LONDON (AP) – Oil prices were volatile but trading sharply lower Thursday ahead of an expected announcement from the OPEC oil cartel that it will extend recent production cuts for a further nine months. Elsewhere, stock markets were unmoved by further indications from the Federal Reserve that it may raise interest rates again as soon as next month.
KEEPING SCORE: In Europe, Germany’s DAX was down 0.1 percent at 12,626 while the CAC 40 in France was flat at 5,340. The FTSE 100 index of leading British shares was also steady at 7,512. Wall Street was poised for a slightly perkier opening, with Dow futures and the broader S&P 500 futures up 0.3 percent.
OPEC IN FOCUS: OPEC and other oil nations meeting Thursday appeared set to extend their production cuts in an effort to shore up prices. The latest reductions have been in effect since November, when the Organization of the Petroleum Exporting Countries agreed to cut production by 1.2 million barrels a day. Non-OPEC countries led by Russia chipped in with a further 600,000-barrel reduction.

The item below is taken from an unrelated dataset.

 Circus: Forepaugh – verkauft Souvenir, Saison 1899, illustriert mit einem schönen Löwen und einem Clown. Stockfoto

OIL PRICES: Oil prices were sharply lower but up from an earlier 3 percent slump. The benchmark New York rate was down 1.3 percent at $50.72 a barrel while Brent, the international standard, fell 1.1 percent to $53.35. Analysts reckon oil prices will remain volatile through the day until the decision.
ANALYST TAKE: “While a 9-month extension to production cuts is widely anticipated, comments from delegates are expected to move prices significantly and remain a driver throughout the day,” said Henry Croft, research analyst at Accendo Markets.

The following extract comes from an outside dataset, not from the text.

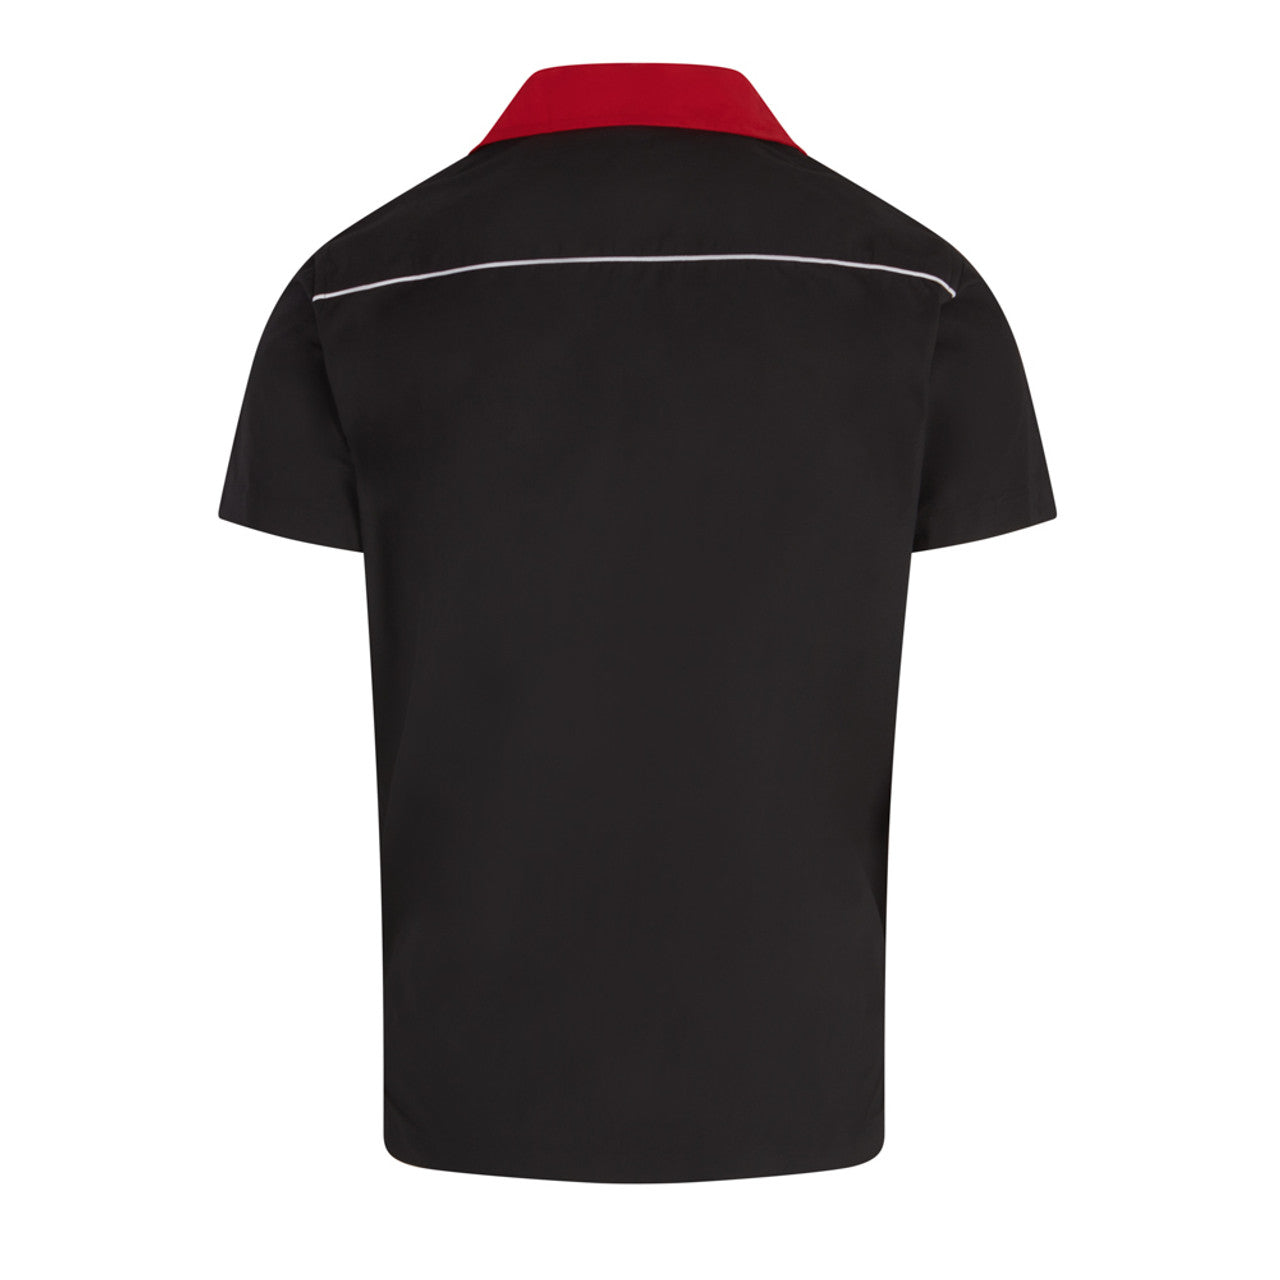 Relco Rockabilly Retro Red/Black Bowling Shirt

FED: According to the minutes from the Federal Reserve Open Market Committee on Wednesday, officials signaled that they would soon be ready to resume raising interest rates if economic data came in line with their expectations. They wanted more evidence that a recent slowdown in U.S. growth was “transitory before taking another step” to raise rates. They also discussed steps for shrinking the U.S. central bank’s $4.5 trillion in bond holdings. The comments indicate policymakers are sticking to their plans to gradually remove the stimulus that has helped prop up stock markets for years.

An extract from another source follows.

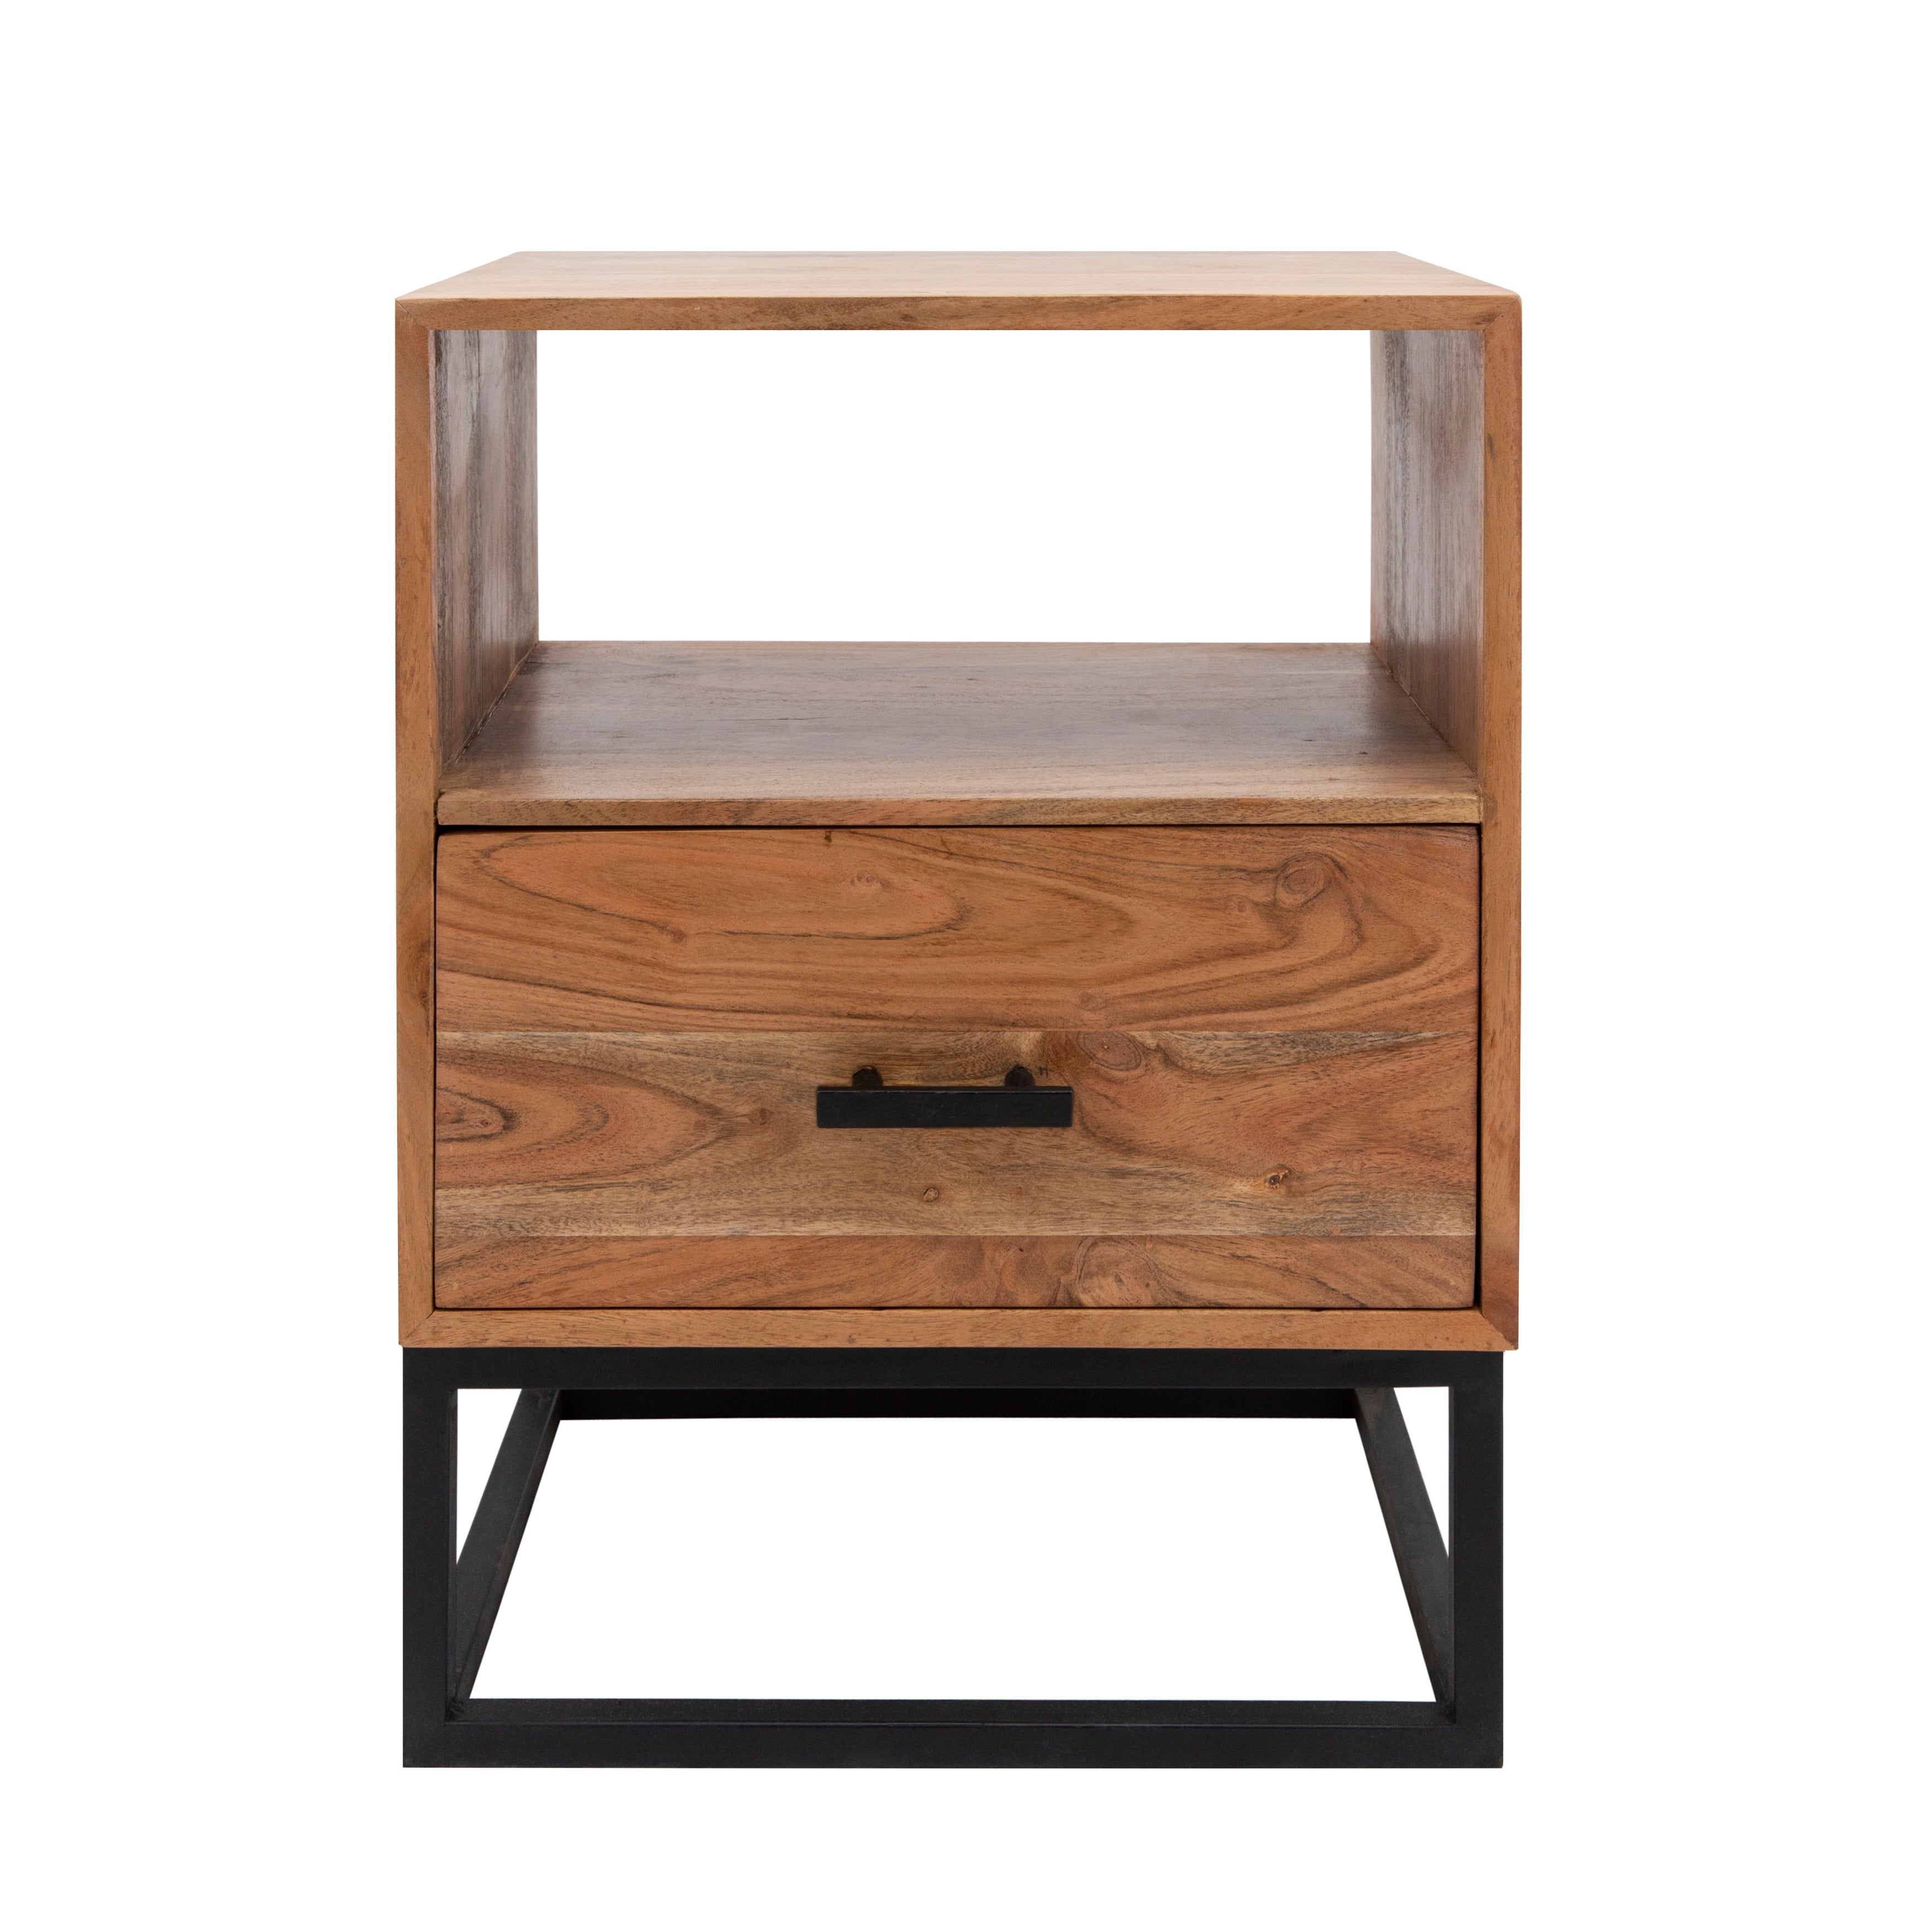 24" Wood/Metal Side Table W/ Drawer, Brown

RATING REDUX: Investors in Asia shrugged off a Moody’s one-notch downgrade of Hong Kong’s credit rating shortly after it cut its China rating because of rising debt levels, citing tight links between the two places. Chinese markets appeared to be more focused on growing speculation that MSCI might include mainland Chinese shares to its benchmark next month.
ASIA’S DAY: The Nikkei 225 stock index in Tokyo climbed 0.4 percent to close at 19,813.13 and Hong Kong’s Hang Seng rallied 0.8 percent to 25,630.78. South Korea’s Kospi jumped 1 percent to 2,342.93 while the Shanghai Composite index gained 1.4 percent to 3,107.83. Australia’s S&P ASX 200 rose 0.4 percent to 5,789.60. Shares were also higher in Taiwan and Southeast Asia.
CURRENCIES: The euro was flat at $1.1215 while the dollar edged up 0.2 percent to 112.78 yen.